[MATERIALS PROVIDED]
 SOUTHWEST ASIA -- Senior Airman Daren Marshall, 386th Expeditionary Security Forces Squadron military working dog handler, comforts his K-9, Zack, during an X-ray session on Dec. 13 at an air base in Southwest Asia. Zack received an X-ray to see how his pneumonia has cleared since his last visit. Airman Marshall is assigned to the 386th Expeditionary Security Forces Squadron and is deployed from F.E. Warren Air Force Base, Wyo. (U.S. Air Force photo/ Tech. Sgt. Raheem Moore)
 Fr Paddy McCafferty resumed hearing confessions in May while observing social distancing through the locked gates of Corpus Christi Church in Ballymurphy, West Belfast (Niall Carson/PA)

...

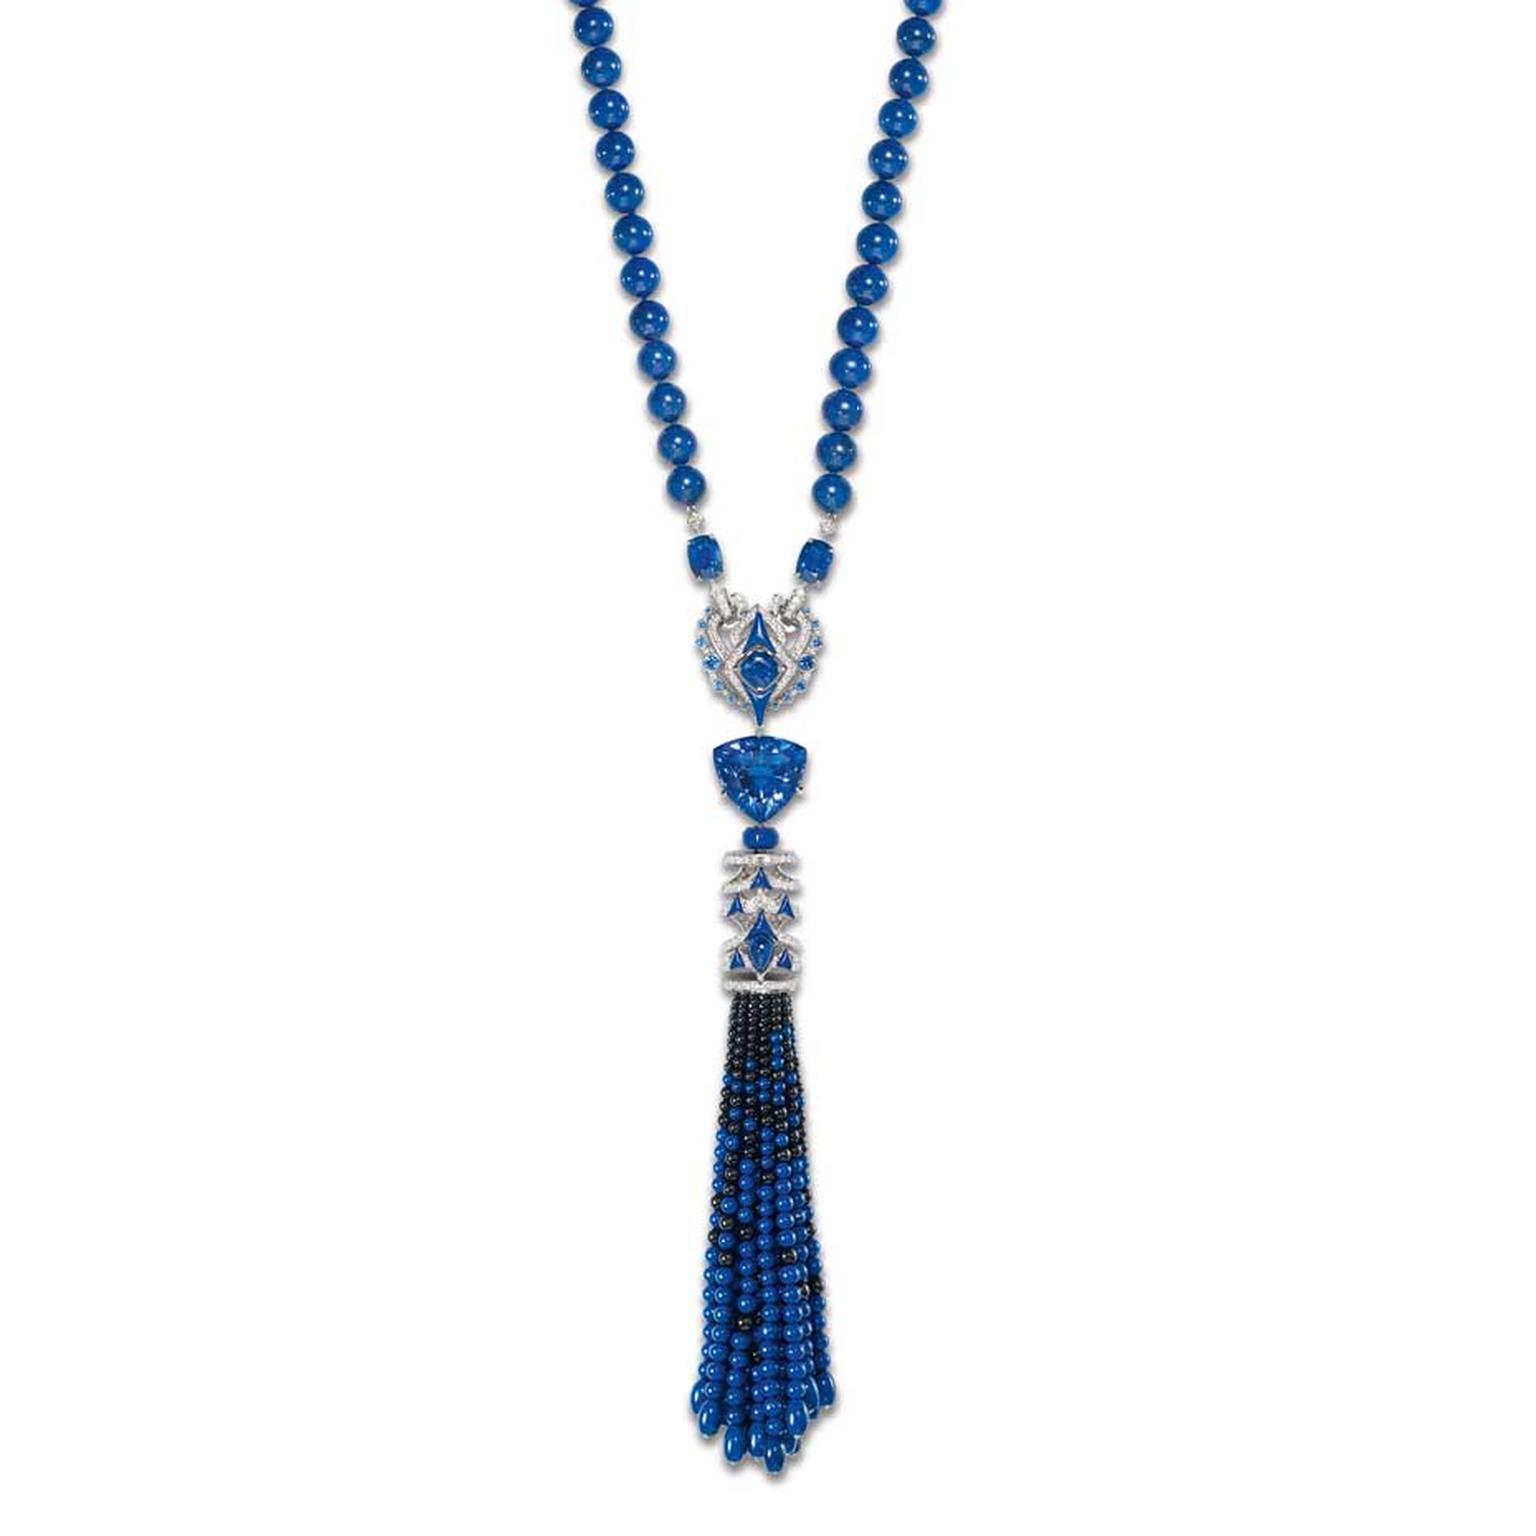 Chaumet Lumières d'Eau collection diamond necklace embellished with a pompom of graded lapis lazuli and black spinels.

[PROMPT] When you reach the line with "SOUTHWEST ASIA -- Senior" in the records above, start writing out lines exactly, and stop once the line with "Fr Paddy McCafferty" has been written; include nothing else.

[RESULT OF THIS EXERCISE]
 SOUTHWEST ASIA -- Senior Airman Daren Marshall, 386th Expeditionary Security Forces Squadron military working dog handler, comforts his K-9, Zack, during an X-ray session on Dec. 13 at an air base in Southwest Asia. Zack received an X-ray to see how his pneumonia has cleared since his last visit. Airman Marshall is assigned to the 386th Expeditionary Security Forces Squadron and is deployed from F.E. Warren Air Force Base, Wyo. (U.S. Air Force photo/ Tech. Sgt. Raheem Moore)
 Fr Paddy McCafferty resumed hearing confessions in May while observing social distancing through the locked gates of Corpus Christi Church in Ballymurphy, West Belfast (Niall Carson/PA)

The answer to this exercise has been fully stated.